Materials and methods

Study subjects

Two hundred and sixty-two familial CRC cases were first recruited from families undergoing genetic counselling at the department of Clinical Genetics, Karolinska University Hospital, during the years 1990–2010. Another 1 253 cases were from a cohort of more than 3 300 consecutive patients operated on for CRC in 14 hospitals in and around Stockholm and Uppsala between 2004 and 2009 and were included in the Swedish Colorectal Cancer Low-risk Study [2]. FAP and Lynch syndrome were excluded using medical records and our current clinical protocol [2, 21], respectively. Cancer in first- and second-degree relatives and cousins was recorded, and pedigrees for the families of the index-person (the patient) were constructed.
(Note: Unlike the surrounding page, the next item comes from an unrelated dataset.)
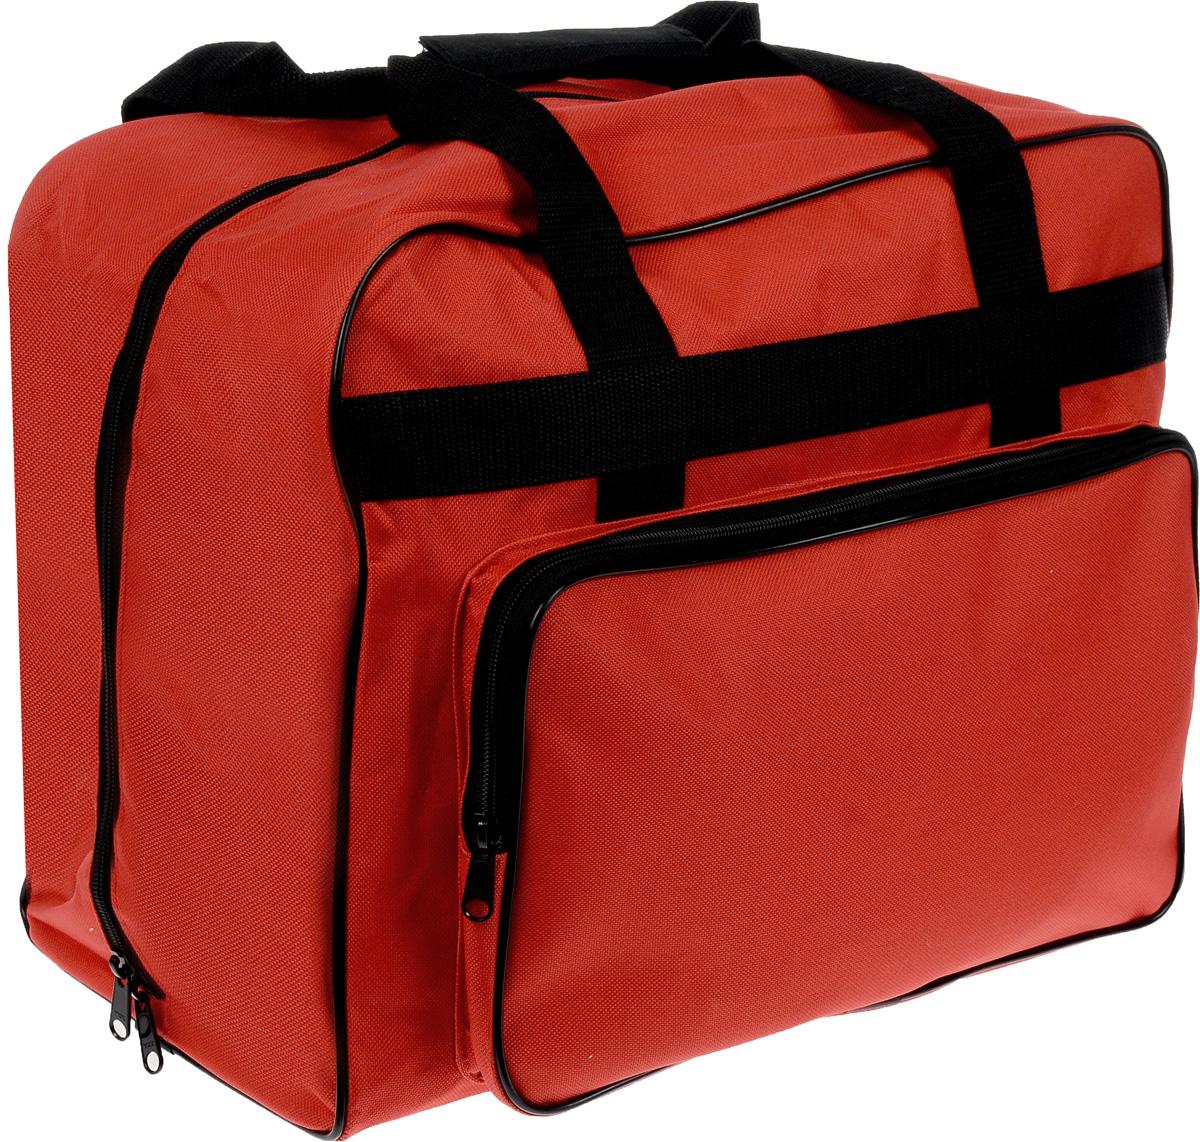 Сумка для швейной машины Aurora, 43 х 21 х 33 смMS-074FСовременная сумка Aurora, выполненная из прочного и влагостойкого текстиля, предназначена для хранения швейной машины. Усиленные швы, молния и широкие ручки из стропы выполнены в контрастном цвете. Сумка дополнена боковым карманом, в котором вы можете переносить фурнитуру и прочие швейные мелочи.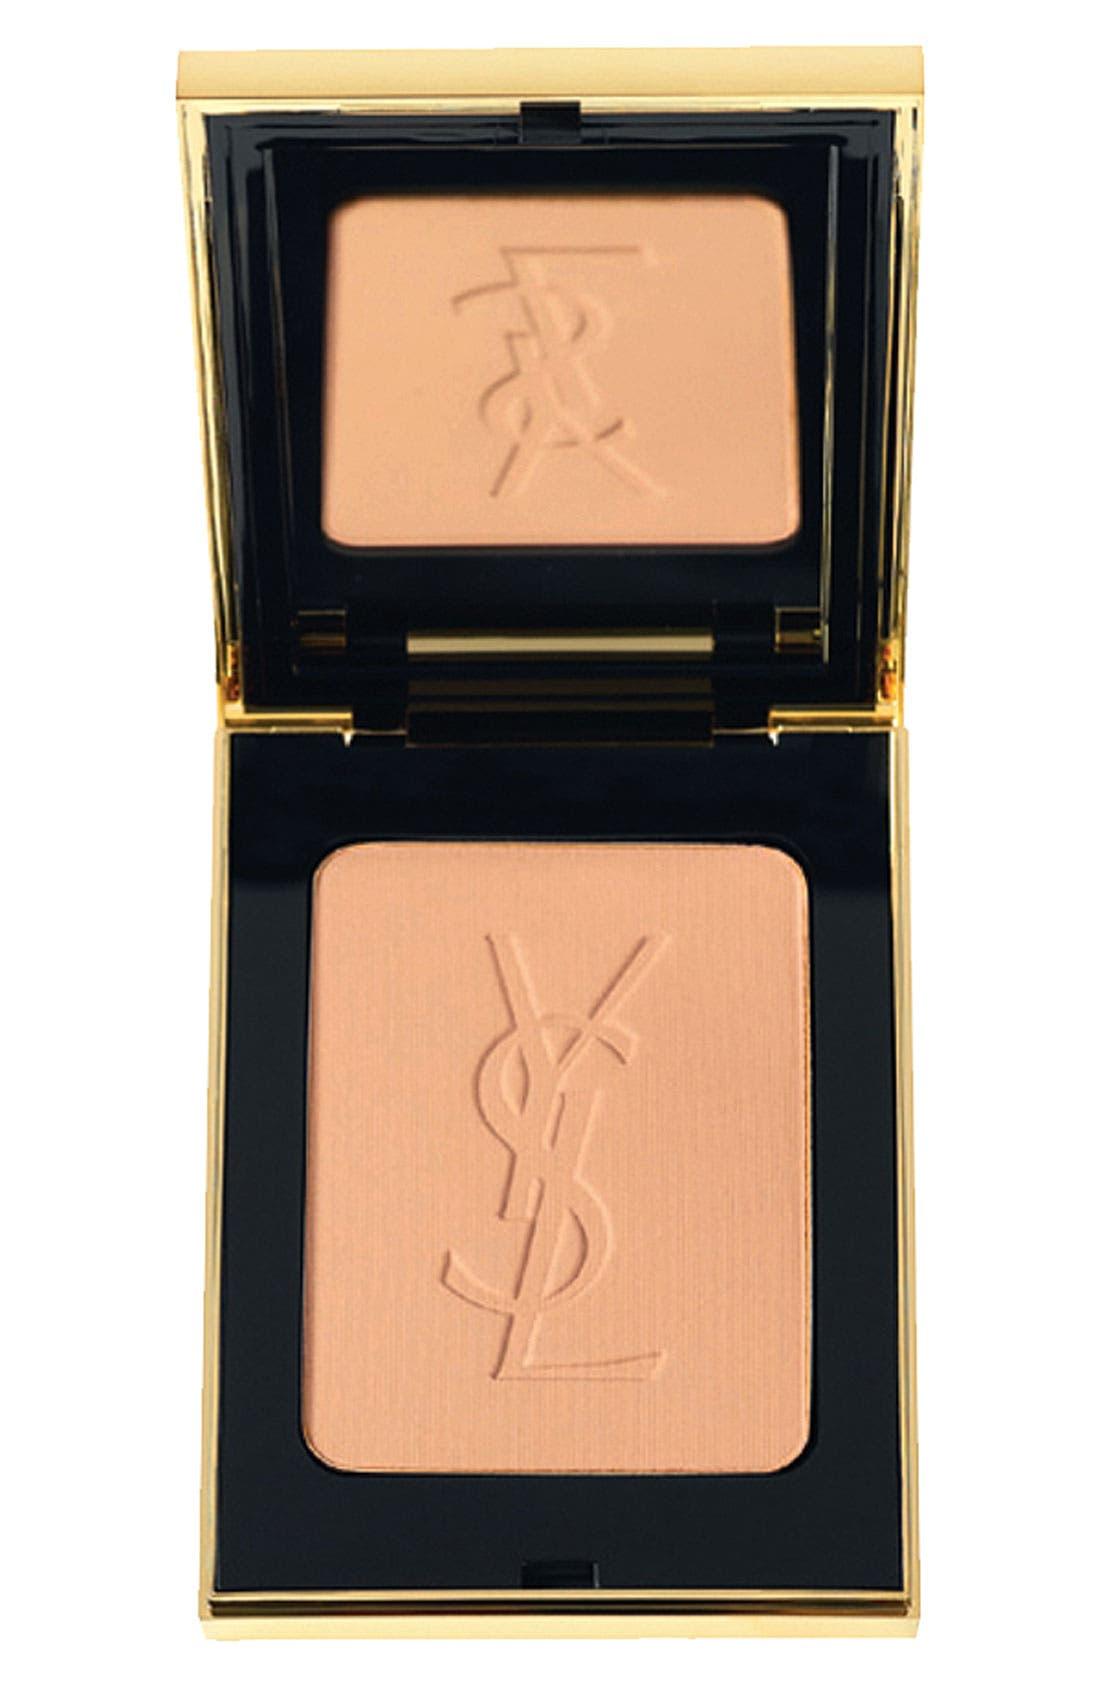 Yves Saint Laurent Poudre Compacte Radiance Setting Powder - No 3 Beige

All diagnoses in family members, which suggested possible CRC, were verified using medical records or death certificates [2]. Altogether, 936 familial CRC cases, who had at least one first-degree relative with CRC, as well as 579 sporadic CRC cases were included in this study. All patients gave written informed consents in accordance with Swedish legislation and the study was approved by the Regional Ethics Committee in Stockholm, Dnr: 02–489 and 16/24-31/1. As controls we used 18 560 twins from the Swedish Twin Registry [22] that were genotyped using the same platform during 2014–2015. The majority of twins were from the Child and Adolescent Twin Study in Sweden (CATSS), which is an ongoing longitudinal twin study targeting all twins born in Sweden since 1993. Other studies from the Swedish Twin Registry also had samples genotyped using the same platform, therefore are included in this analysis as well. In short, phenotypic data on cancer had previously been obtained through linking the twins to the Swedish Cancer Registry using the unique person identification number available for all Swedish citizens. Only one twin from each twin pair where none was affected was considered eligible for serving as control in the association analysis.

Genotyping quality control (QC)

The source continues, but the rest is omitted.